Segment Start: Given data
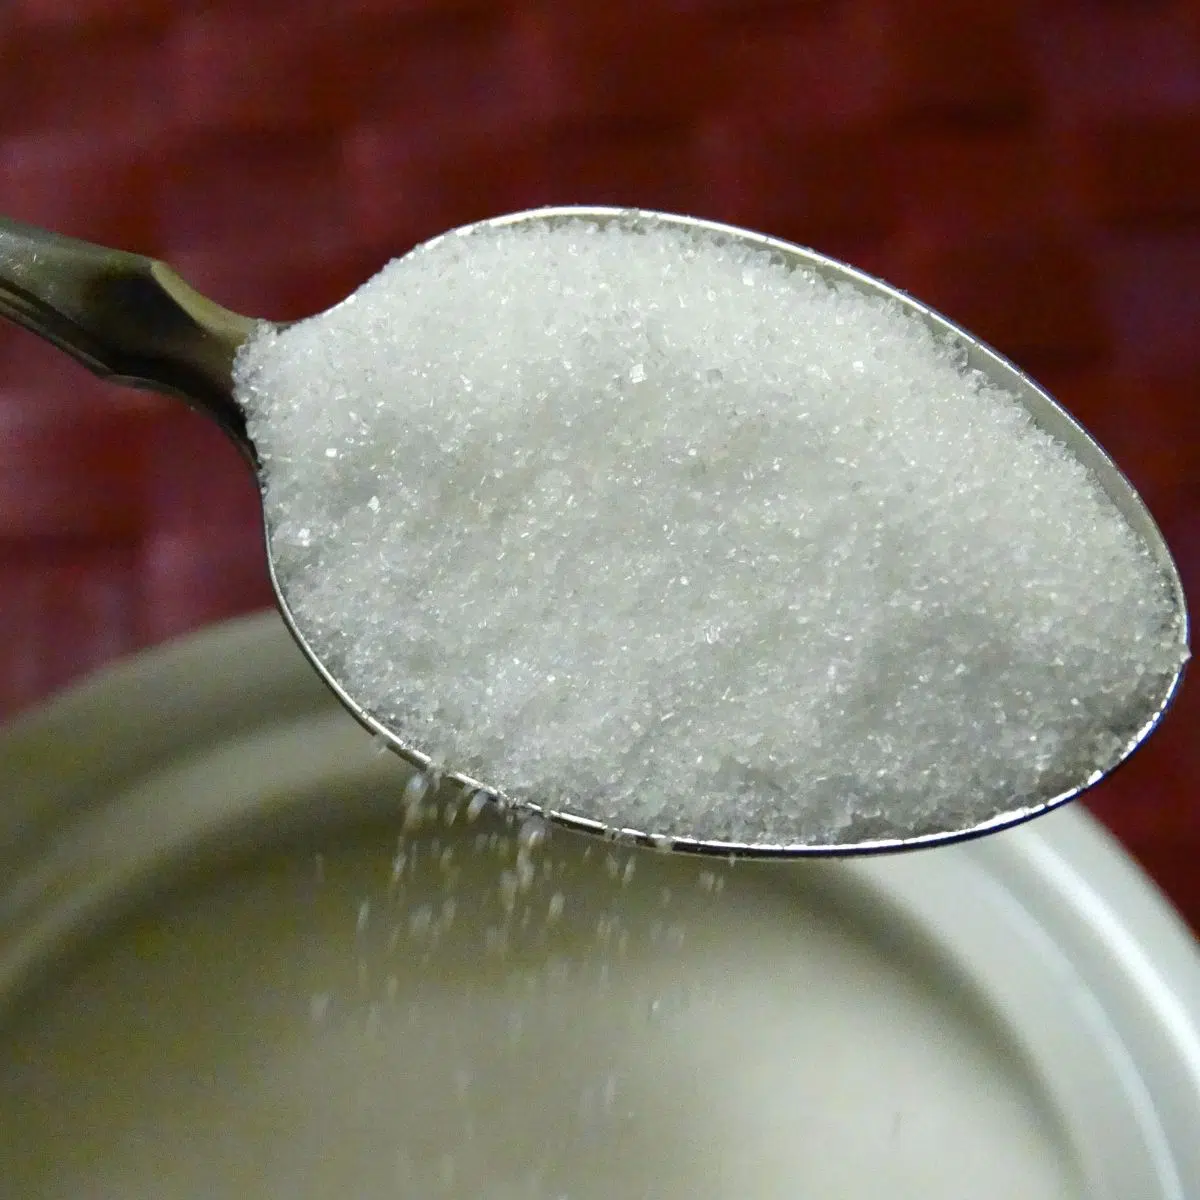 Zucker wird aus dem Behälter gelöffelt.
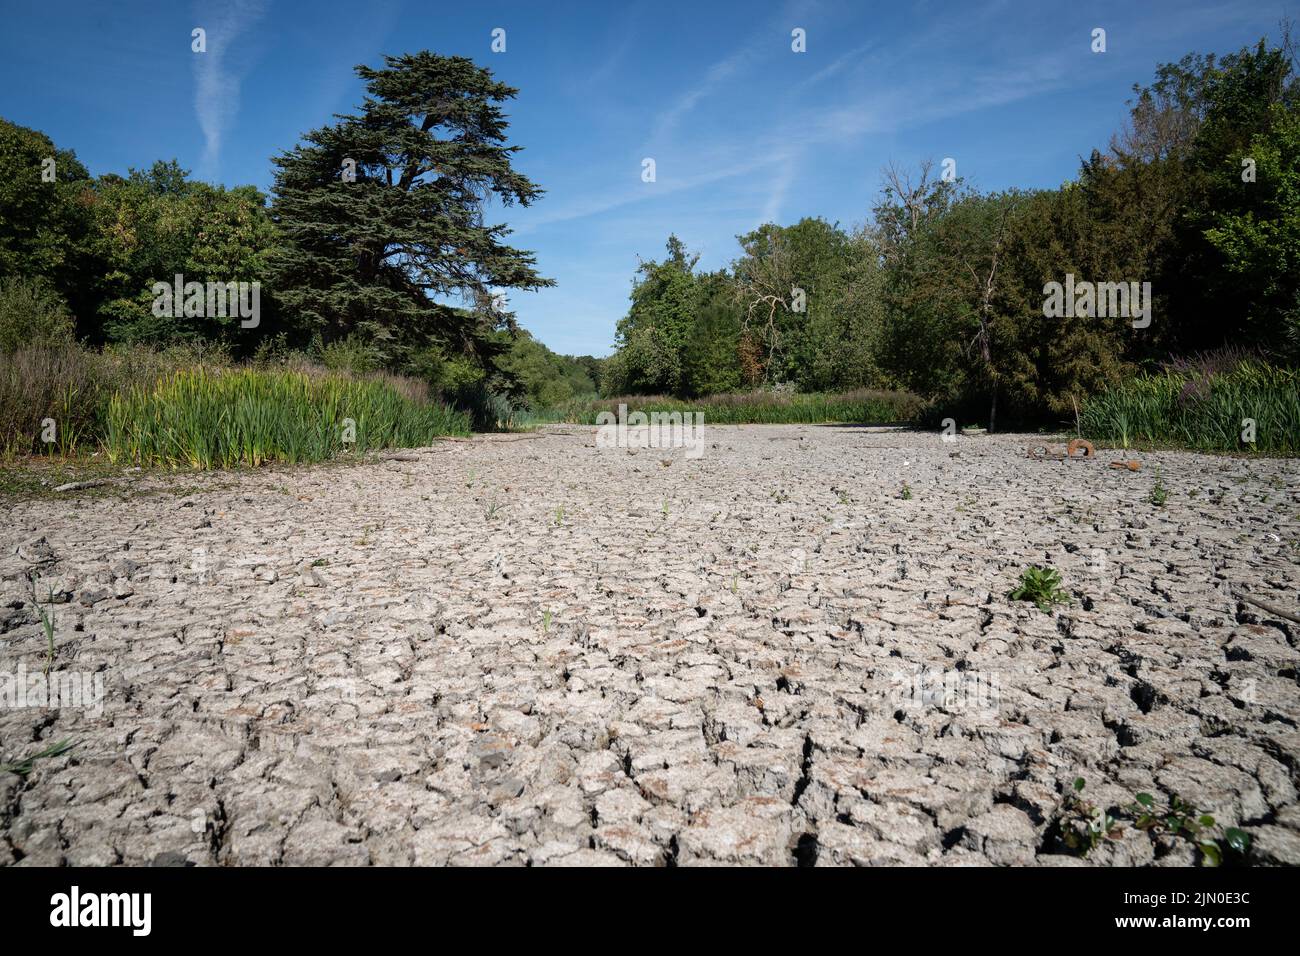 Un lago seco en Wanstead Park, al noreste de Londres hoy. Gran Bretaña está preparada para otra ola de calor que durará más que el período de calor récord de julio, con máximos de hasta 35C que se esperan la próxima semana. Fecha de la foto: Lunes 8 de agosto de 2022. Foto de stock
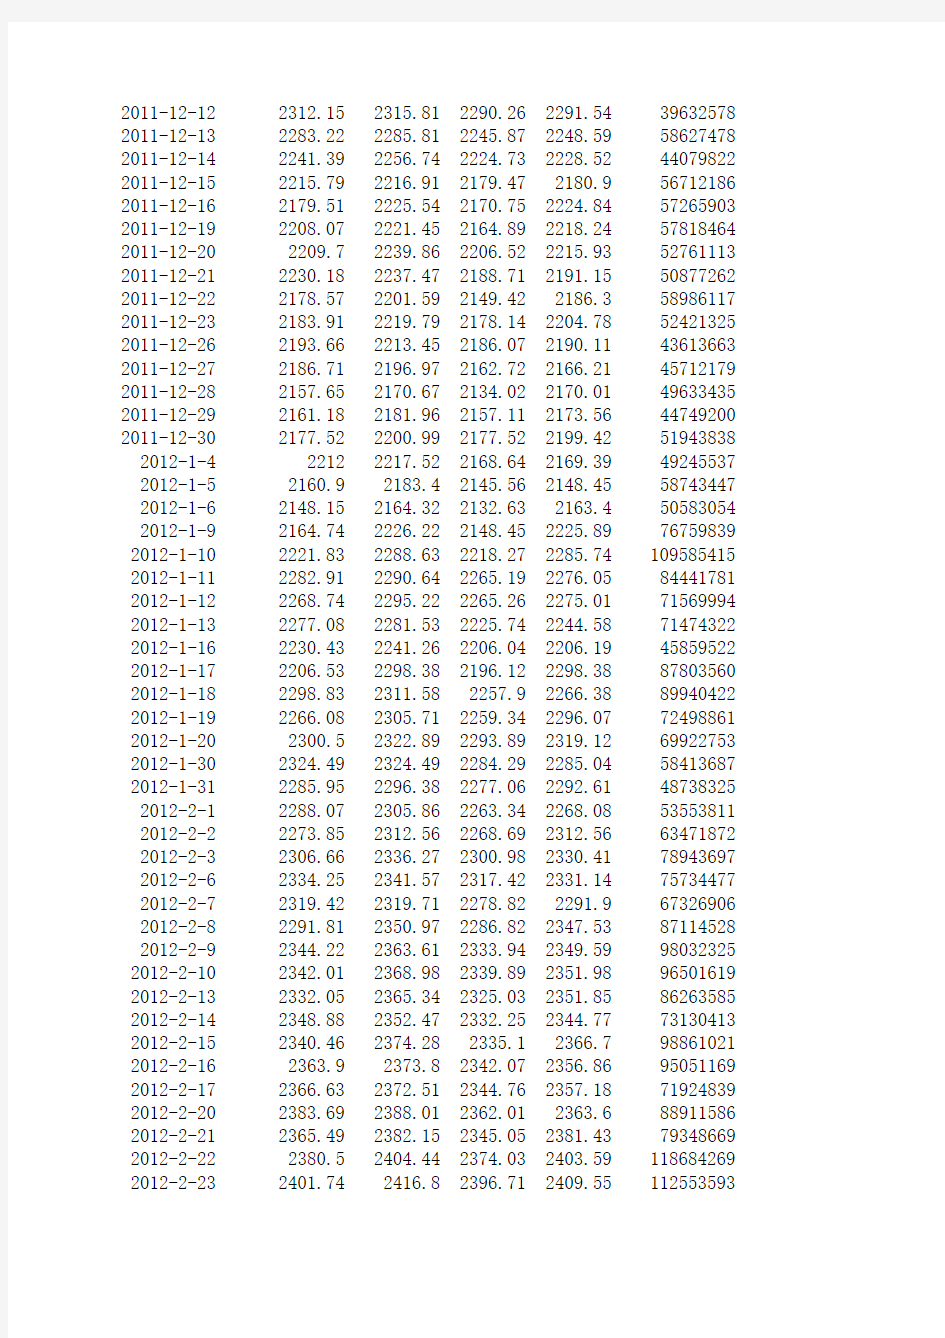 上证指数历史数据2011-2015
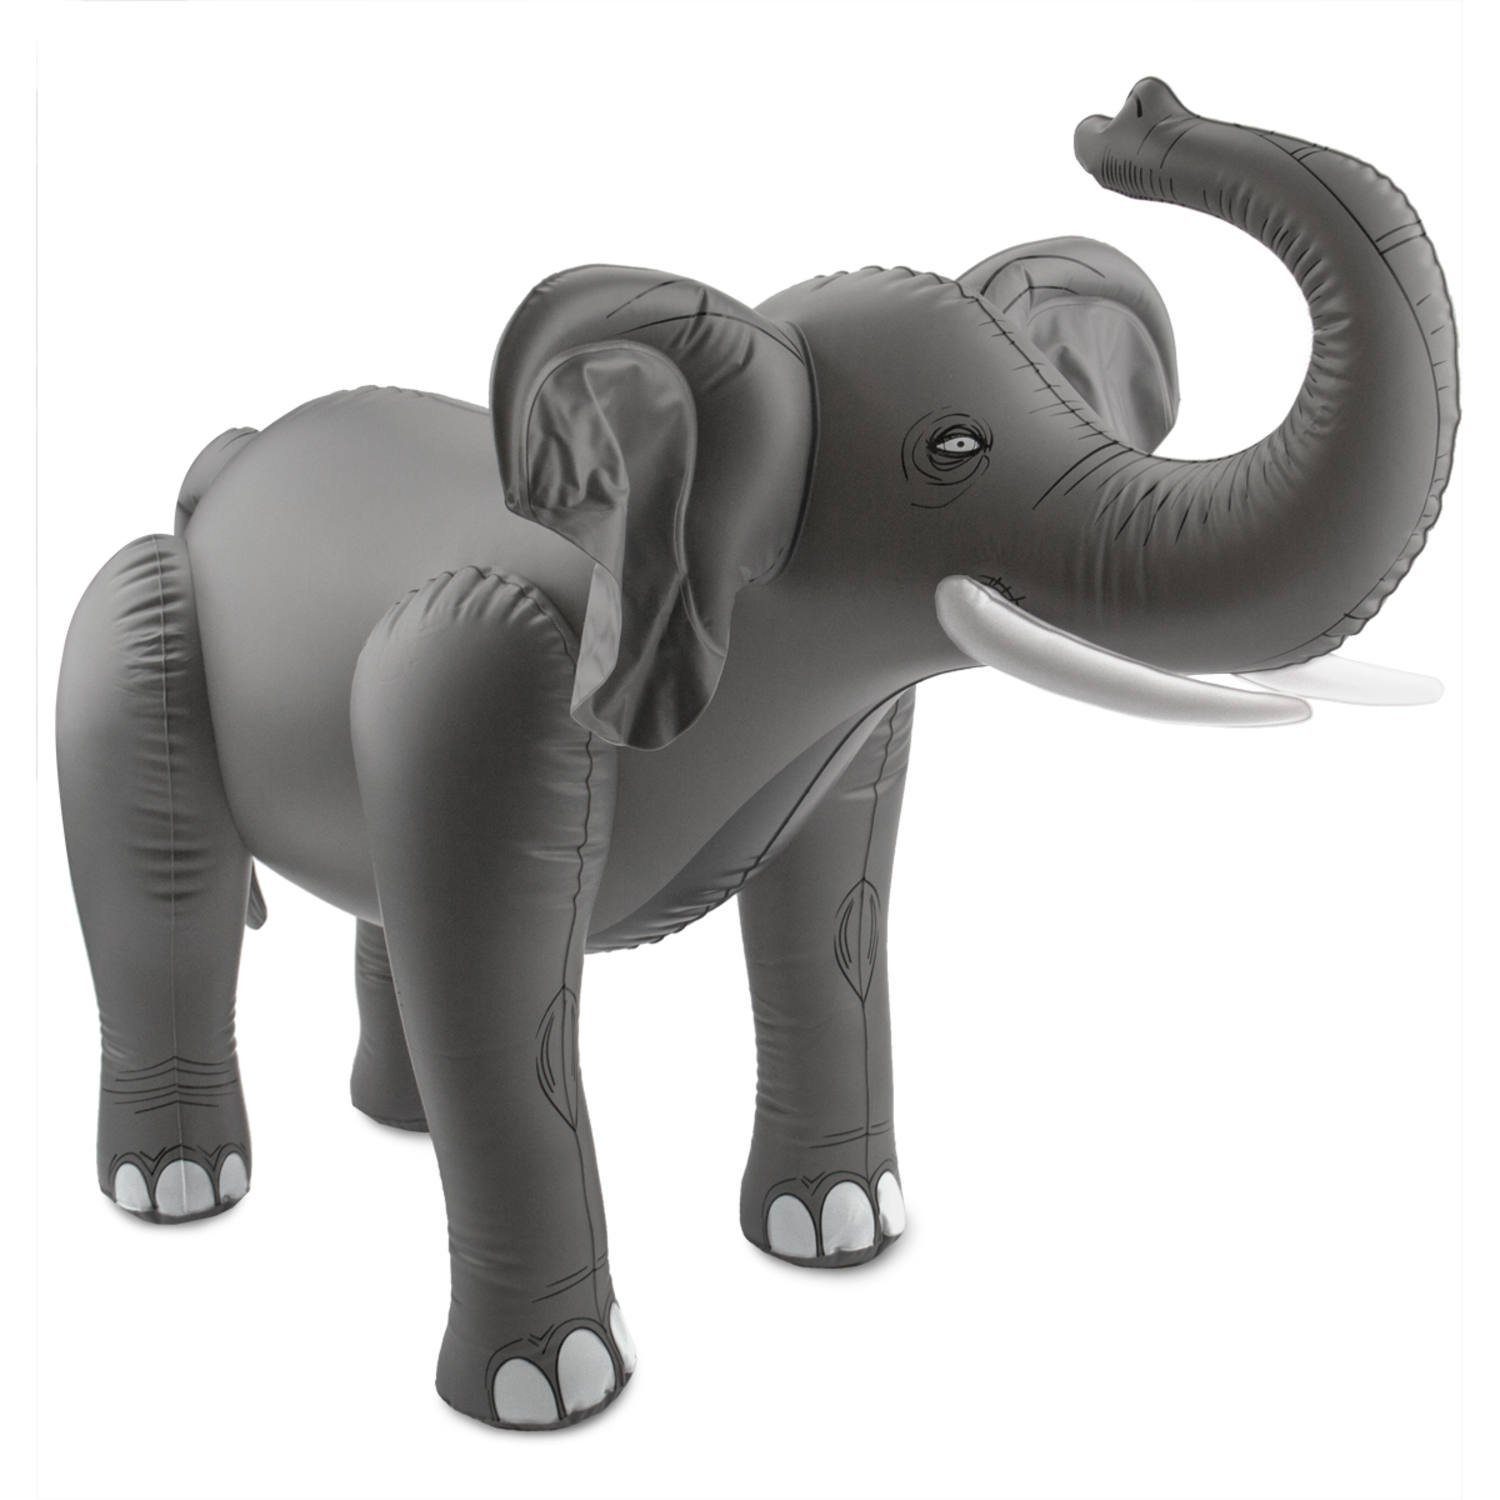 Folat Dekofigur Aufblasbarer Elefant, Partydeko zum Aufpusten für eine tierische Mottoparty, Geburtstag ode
Segment End: Given data
» What you have to do: Please write out the lines from the one that holds "上证指数历史数据2011-2015" through the end of the material, both ends included, exactly and with no pictures.

» Answer below:
 上证指数历史数据2011-2015
 Folat Dekofigur Aufblasbarer Elefant, Partydeko zum Aufpusten für eine tierische Mottoparty, Geburtstag ode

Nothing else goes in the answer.